一応気を付けなきゃいけないポイントをまとめておいたよ
- 生命保険料控除、地震保険料控除、社会保険料控除、小規模企業共済掛金等控除の申告が必要です。
- 生命保険は控除額の計算が必要ですが、地震保険料、社会保険料、小規模企業共済掛金は支払った額がそのまま控除されます。
- 社会保険料控除は自己負担分に限られます。給与から天引きされている分は源泉徴収票から転記しましょう。
- 社会保険料控除のなかでも、国民健康保険料や介護保険料については証明書は不要ですが、国民年金や国民年金基金の掛金と小規模企業共済等掛金については証明書の添付が必要です。
基礎控除申告書 兼 配偶者控除等申告書兼 所得金額調整控除申告書
基礎控除申告書 兼 配偶者控除等申告書兼 所得金額調整控除申告書についてもこれまでと同様に国税庁の記載の手引きを元に説明します。

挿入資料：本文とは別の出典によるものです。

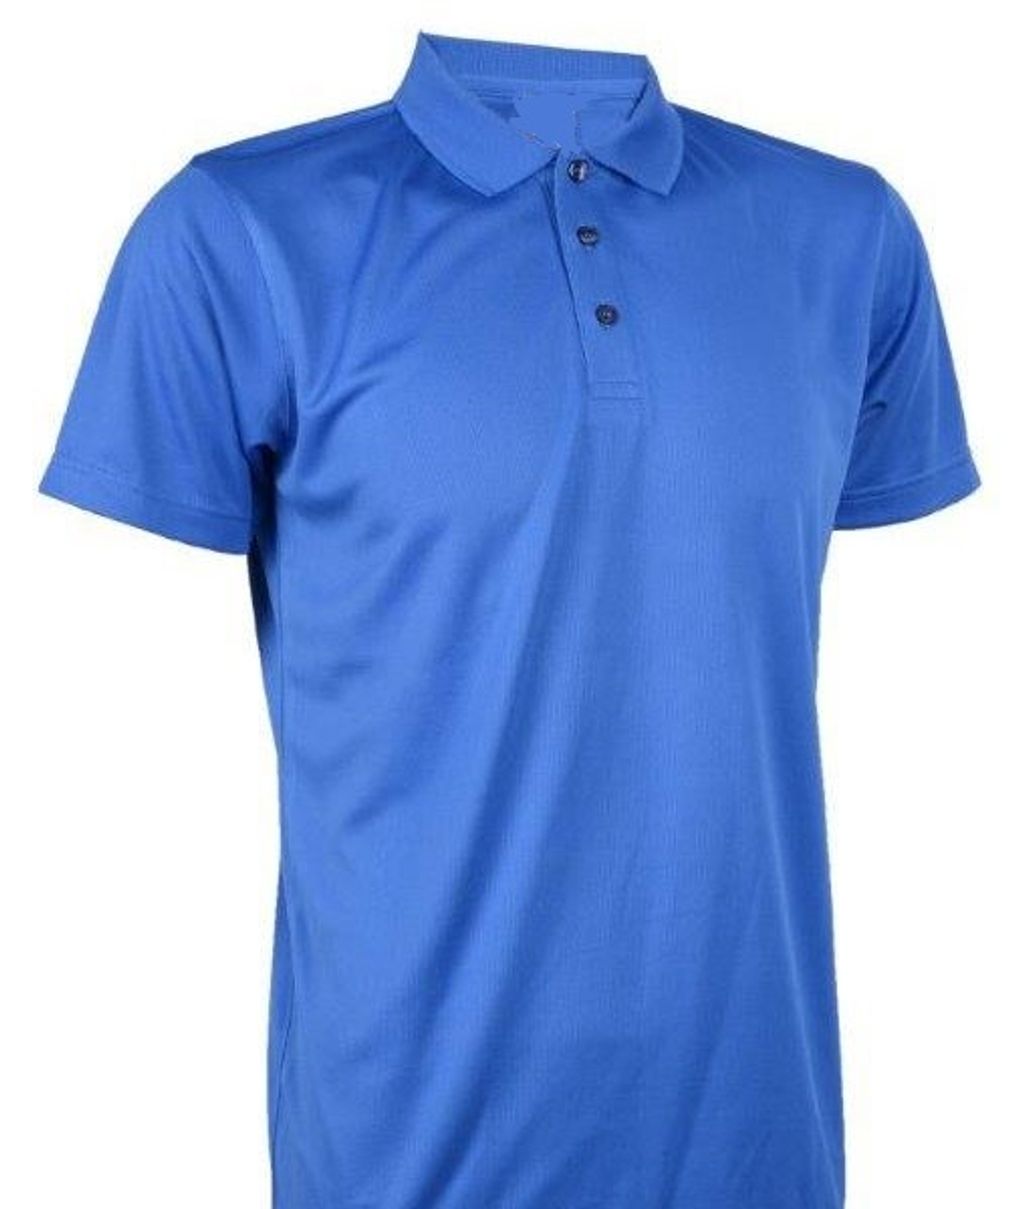 Outrefit Microfiber Collar Polo Shirt Royal Blue.jpg

これらの書類は主に配偶者控除、基礎控除についての情報を記載する書式です。
基礎控除申告書
年間の所得金額によって基礎控除額が増減します。(高額になるほど控除額が減少)
給与所得と給与所得以外の所得について収入金額と所得金額を記載しましょう。
控除額の計算式は申告書上に記載があります。
配偶者控除等申告書
ここでは、配偶者の情報を記入します。配偶者特別控除を受けない場合はスキップします。
- 配偶者の基本情報: 配偶者の名前、生年月日、個人番号等を記入します。
- 配偶者の合計所得額の見積額:配偶者の年間の給与所得と給与所得以外の所得について収入金額と所得金額を記載しましょう。
- 控除額の計算: ❷の金額を元に控除額を計算します。
所得金額調整控除に関する項目
所得金額調整控除は、本人の給与所得の金額から給与の収入金額(最大1,000万円) から850万円を差し引いた金額の10%相当額(上限15万円)を給与所得額から控除できる制度です。
対象となるのは本人や配偶者、扶養親族が特別障害者に該当する場合や、扶養親族が23歳未満である場合です。
ただし、給与収入が850万円以下の場合は対象外ですので、「所得金額調整控除申告書」の記入は不要です。
以上で、扶養控除等申告書、保険料控除申告書、基礎控除申告書 兼 配偶者控除等申告書兼 所得金額調整控除申告書の書き方の解説は終了です。
リンク先の国税庁の手引きも参照していただいて、正確な情報記載を心がけましょう。
一つ一つ見ていくとそこまで難しくないね
計算が必要な部分は全て申告書上に計算方法がちゃんと書いてあるしね
年末調整についてよくある質問
この記事に関してよくある質問をいくつか紹介します
以上が、年末調整に関する詳細な情報と手続きの概要です。適切な手続きを行って、税金の計算や納付を適切に行いましょう。